One question........how did the JLTO chassis run after you drilled and added the Thunderbrushes??? I'm curious if the JLTO arm performs any better with the Thunderbrushes.......or if it's about the same when using the stock JLTO brushes.


----------



## Sundance (May 5, 2003)

Very sweet DAC look great. Some more ideas just popped into my head. Off to the dungeon ! :thumbsup:


----------



## blackroc (Mar 26, 2005)

Great looking cars DAC and looks like the new camera takes some great shots.


----------



## roadrner (Jul 21, 1999)

DAC,
Sure do look good. Like the idea of using the coated clips. :thumbsup: rr


----------



## jack0fall (Sep 8, 2004)

DAC, The pics look great.... :thumbsup:

IMHO, Devil Woman needs a little roughing up, I am sure that's how it looked when they built it, but everyone knows that a dirt track car just aint right until it has a few dings and lots-o-dirt on it... 

Jeff


----------



## JordanZ870 (Nov 25, 2004)

Oh, I am liking these 2, Dac!....now just for some HO scale dirt spattered on them....LOL


----------



## DACSIGNS (Aug 18, 2004)

Thanks for the comps and opinions, guys.
TX- it dont have the JL arm in it anymore, but with them tires, I ran it and didn't like the fact that there was no "coast" when I would lift, so instead of makin 1 change at a time, I swapped the gears, arm and drilled for the ThunderBrushes all at once. Not only did I get it to coast, it turned laps 1.5 seconds faster on my 40' track. The arm is just a 15 ohm AFX. Shouldnt have changed that much at once, but I did what it took to get some "smooth" out of it.
Jeff & Joez, probly wont get clay spattered on it but when racin' season starts she'll start showin that it aint no shelf queen! Purty much the same as real racin'!

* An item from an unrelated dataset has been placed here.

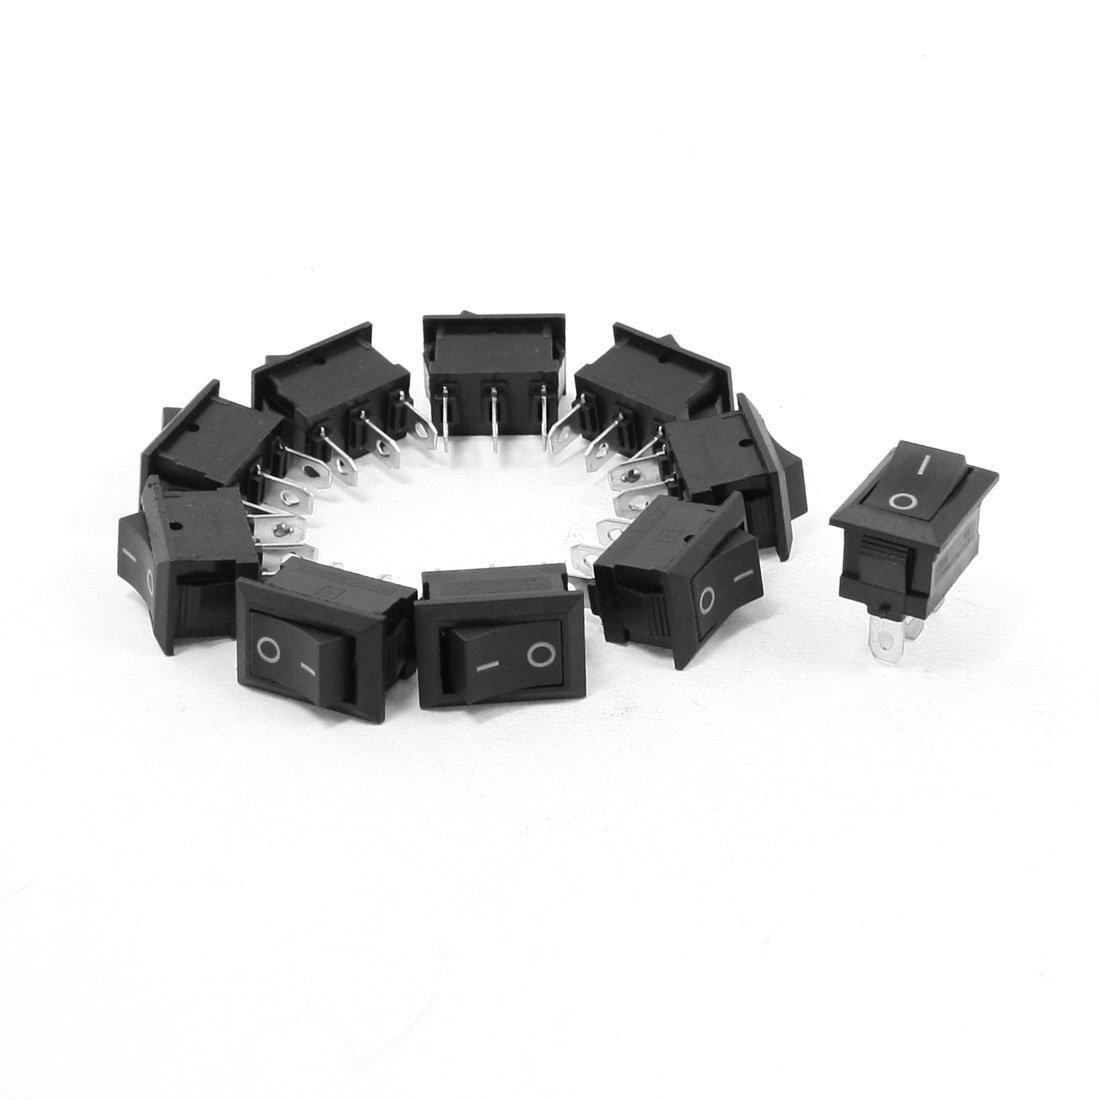 10 piezas de AC 250V 6A a 125V 10A 3 Pin Botó n Negro SPDT interruptor basculante DealMux

Have a good 4th guys! --- Circle Track DAC


----------



## TX Street Racer (May 8, 2004)

DACSIGNS said:


> Thanks for the comps and opinions, guys.
> TX- it dont have the JL arm in it anymore, but with them tires, I ran it and didn't like the fact that there was no "coast" when I would lift, so instead of makin 1 change at a time, I swapped the gears, arm and drilled for the ThunderBrushes all at once. Not only did I get it to coast, it turned laps 1.5 seconds faster on my 40' track. The arm is just a 15 ohm AFX. Shouldnt have changed that much at once, but I did what it took to get some "smooth" out of it.
> Jeff & Joez, probly wont get clay spattered on it but when racin' season starts she'll start showin that it aint no shelf queen! Purty much the same as real racin'!
> 
> Have a good 4th guys! --- Circle Track DAC



DAC, I've tuned a few of my JLTO's and they actually had pretty darn good amount of coast....with the stock arm,mags and brushes...... When I get my track up and running I'll tinker a bit more with the arm and brush combo......see if I find anything different. :thumbsup:


----------



## AfxToo (Aug 29, 2003)

DAC, super job on the dirt cars. I love watching the 1:1 ones on a Sat night.

I've never had to expand the brush holes to run JB Thunderbrushes on anything other than R1 black chassis. By the time they got to R5 even the Thunderbrushes run loose. I know some folks were not as thrilled with some of the later JLTO releases, notably R6, but the chassis starting at the R6 release is the best one they ever did.

I've had plenty of luck freeing up JLTOs just by switching to stock TJet brushes or going to a lighter brush tension with the stock JL brushes. Other easy ways to tame them include switching the JL magnets with Aurora Tuffones or AFX non-mag magnets (both cars will be much happier) and using a brass idler gear in the JLTO. Switching to the stock TJet gearing does smooth out the JL chassis quite a bit but it's a lot more work to do it. If you're going to go to all that effort you may as well swap out the JL axles too and consider mounting a better wheel set all the way around. 

Also, give the Wizzards brushes a try. Nothing wrong with JBs (I love 'em), but the JLTO slot cars are a tinkerers delight. Until you've exhausted every possible way of tweaking these inexpensive little rockets there's always something else to try.


----------



## DACSIGNS (Aug 18, 2004)

Hey again!
TX & AFX too-- This chassis was just an experiment. I've only gotten ahold of 8 JLTO's
and I can buy nos t-jets cheaper. 2 of those JLTO's had straight, true chassis, so I messed with one.They are parts cars to me. I'm not a collector so I cant tell ya the difference in releases, so I mainly build my stuff outa nos or decent used Aurora. Bendin brush springs didn't work, and I just dont like domed brushes. Far as wheels, axles and tires go, I've got plenty of cars shoed up with the aftermarket double flanges, brass fronts, etc. and these setups built out of stock stuff(the rears are 440x2sponges that wore too short)run as good or better. Lighter front wheels, I just add lead to the chassis. I've even built lead front wheels for bodies ya cant lower far enuff or have real long quarter panels. Helps them a bunch. Just got done testin some lead fronts. Shoulda probly built .360s or 70s for the rear but .400 looked better and it still will run competitve lap times. All this modification tho, still boils down to the best finger finesse as ya'll know,rippin off laps without wreckin' is more important than woopass power, and the only finger I got arthritis in so far is my trigger one, damn the luck! 

Thanks for the responses --- Circle Track DAC


----------



## Dragula (Jun 27, 2003)

DAC,I need to cast you a real ready made dirt body you like.
Chris


----------



## boss9 (Apr 19, 2002)

Dac--

You know I never tire of looking at your pics. 

I think you are quite the talented Artist--in both your hobby and your business.
Your cars have been an inspiration to me and many other on HT, since the day you posted your first pic. I hope you never quit customizing!

As always, another top job! :thumbsup: :thumbsup: 


Cheers, Mate!


----------